The deciding factor for me could then be that if we sell the house now and I rent I would get housing benefit so therefore wouldn't be paying rent. Unfortunately with my daughter's condition it is highly unlikely I will be able to return to work for a good few years as even working around 3-4 medical appointments would be hard before I even get started on physio & sourcing childcare.
It just seems unfair to pay a huge portion of my income out for 16 years so he can have half!

RedHelenB Wed 13-Nov-13 23:16:32

Will depend on other factors tbh. Also on the severity of your dds disability. As for paying the mortgage, that is seen as the equivalent of paying rent. If it is a small percentage of equity when your daughter reaches 18 you will have time to work & save up to buy him out.

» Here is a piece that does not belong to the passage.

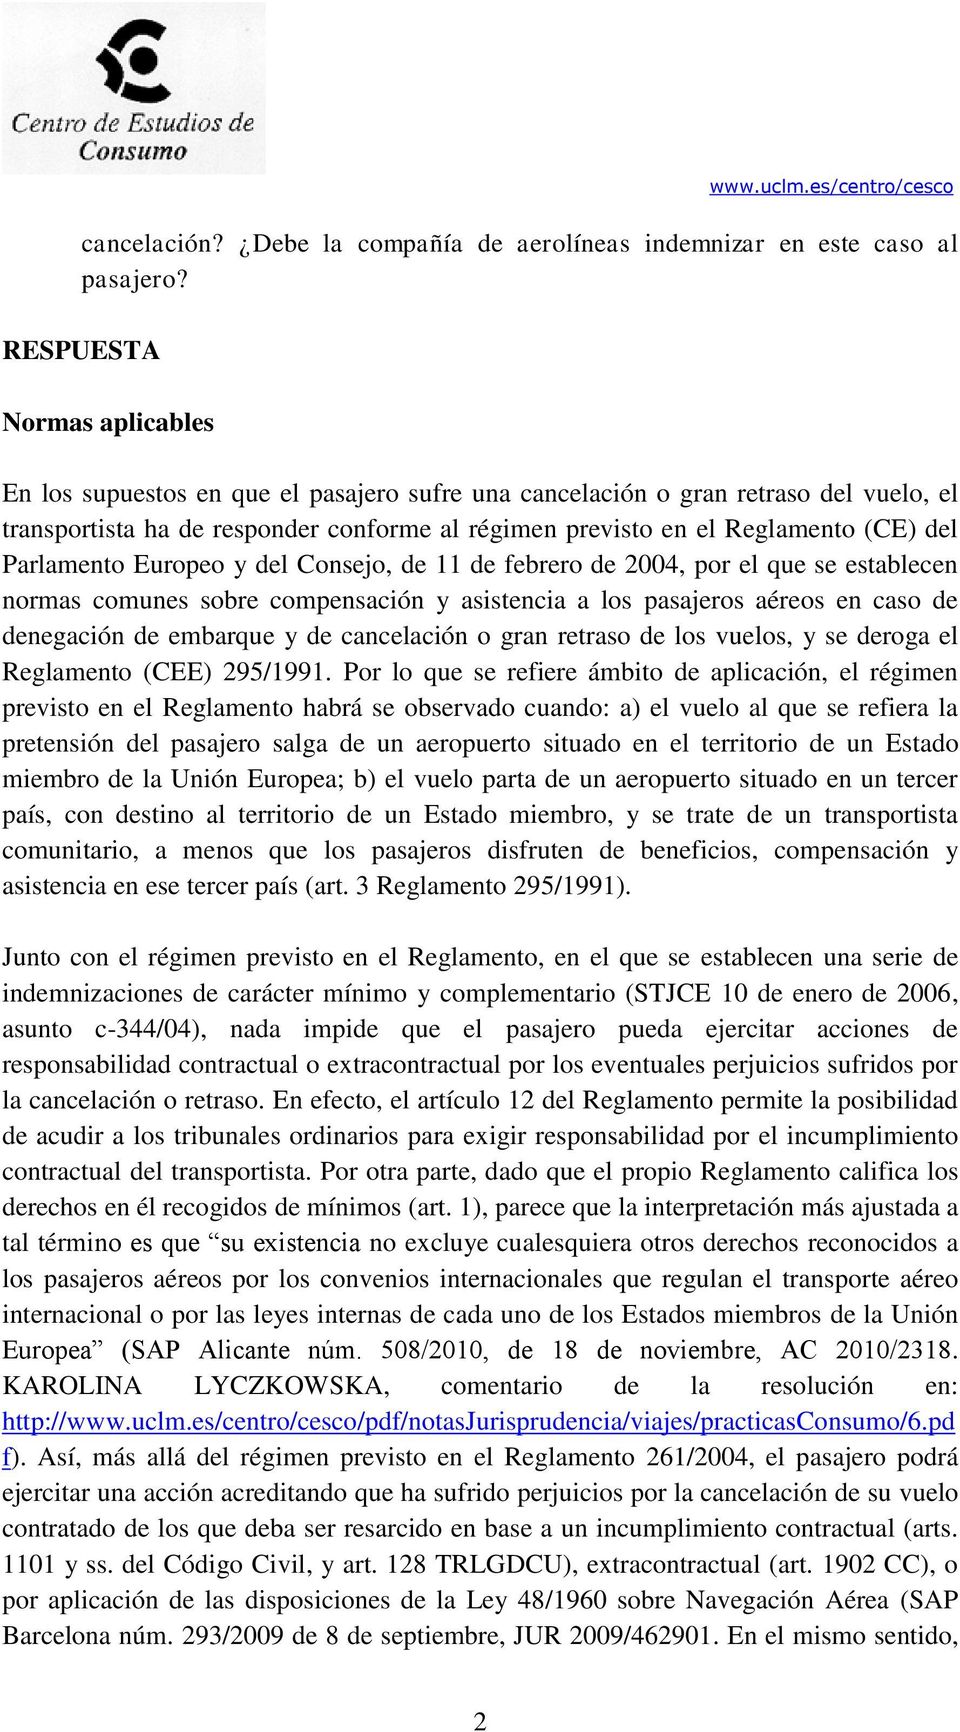 Parlamento Europeo y del Consejo, de 11 de febrero de 2004, por el que se establecen normas comunes sobre compensación y asistencia a los pasajeros aéreos en caso de denegación de embarque y de

Pumpkinpie11 Wed 13-Nov-13 22:06:36

I'm hoping somebody can give me some advice.
My STBXH has stated that he wants a mesher order on the house.
I live here with our 6 children and I am currently not working and paying the mortgage from my tax credits.
I'm wondering how this works because he has not contributed to either the mortgage or upkeep of the house since we split a year ago.
Do I pay for 16 years on my own then he gets half?
My youngest is 2 and has a physical disability. The house is about to be adapted for her use and I'm concerned that when she turns 18 we'll find ourselves homeless without the Capitol or ability to find an adapted house.
Will the courts really make me pay him half after paying the mortgage for 16 years and throw a disabled child out her adapted home?